The program named Bookmarks10

I will explain this program in fragments.  You can view a complete listing of the program in Listing 20 near the end of the lesson.

The class definition begins in Listing 1.  The code in Listing 1 simply declares several variables used to produce the output files.

class Bookmarks10{
  //Output text file streams
  DataOutputStream file000;
  DataOutputStream file100;
  DataOutputStream file200;
  DataOutputStream file300;
  DataOutputStream file400;
  DataOutputStream file500;
  DataOutputStream file600;

Listing 1

The main method

The main method begins in Listing 2.

  public static void main(String[] args){
    //Confirm correct number of command-line parameters.
    // If the number is not correct, display a usage msg
    // and terminate the program.
    if(args.length != 5){
      System.out.println("Command-line parameter error");
      System.out.println();
      System.out.println("Usage: java Bookmarks10");
      System.out.println("followed by:");
      System.out.println("Bookmark path");
      System.out.println("Bookmark file");
      System.out.println("Low bookmark limit");
      System.out.println("Number bookmarks to process");
      System.out.println("Browser, F, N, or I");
      
      System.out.println();
      System.out.println("Terminating Program");
      System.exit(0);      
    }//end if
    
    //The following values are provided as command-line
    // parameters.

    //Path to the folder containing a Firefox bookmark
    // file or containing a multitude of IE .url files.
    String bkMrkPath = args[0];
    //Name of the Firefox bookmark file.  Just use a 
    // dummy name for this parameter when processing IE
    // favorites
    String bkMrkFile = args[1];
    //Index of first bookmark to process.
    int lowBkMrkLimit = Integer.parseInt(args[2]);
    //Number of bookmarks to process.
    int numToProc = Integer.parseInt(args[3]);
    //Type of browser: F for Firefox, N for Navigator,
    // or I for Internet Explorer.
    String browser = args[4];
    //End of command-line parameters

Listing 2

The code in Listing 2 simply deals with the required command-line parameters and shouldn't require further explanation.

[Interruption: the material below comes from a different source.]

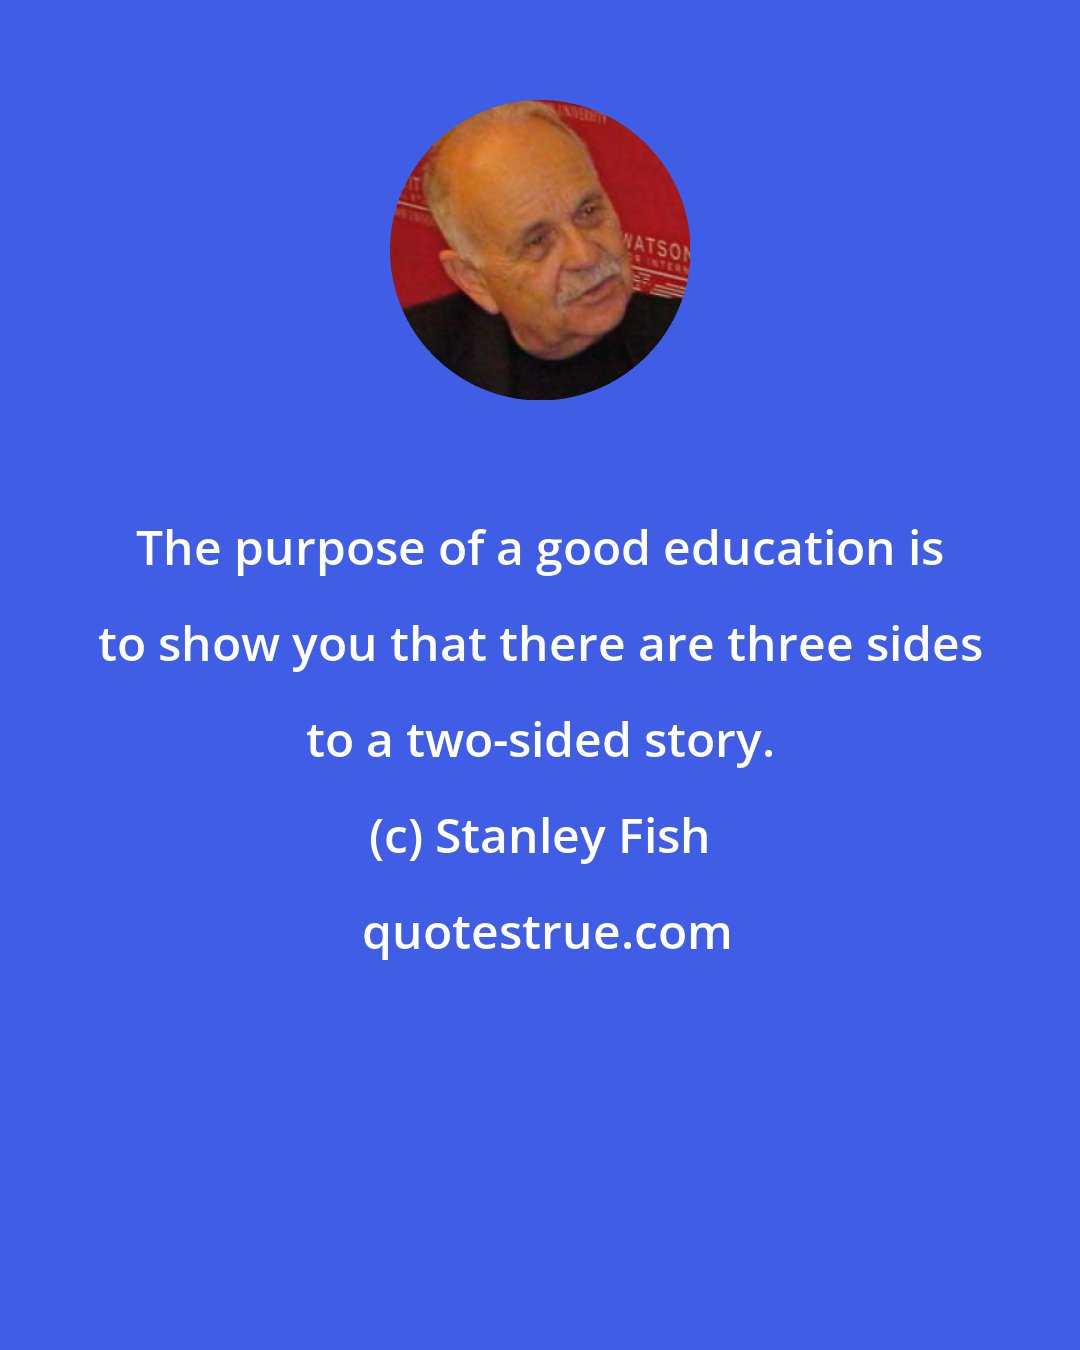 Stanley Fish: The purpose of a good education is to show you that there are three sides to a two-sided story.

Instantiate an object of this class

The code in Listing 3 instantiates an object of this class and stores its reference in a reference variable named thisObj.

    Bookmarks10 thisObj = new Bookmarks10();

Listing 3

The reference variable named thisObj will be used later to invoke instance methods belonging to the object.

Get name and URL for each bookmark

The code in Listing 4 gets the name and the URL for each of the bookmarks and encapsulates them in an object of type Bookmark.  All of the Bookmark objects are encapsulated in an object of type ArrayList.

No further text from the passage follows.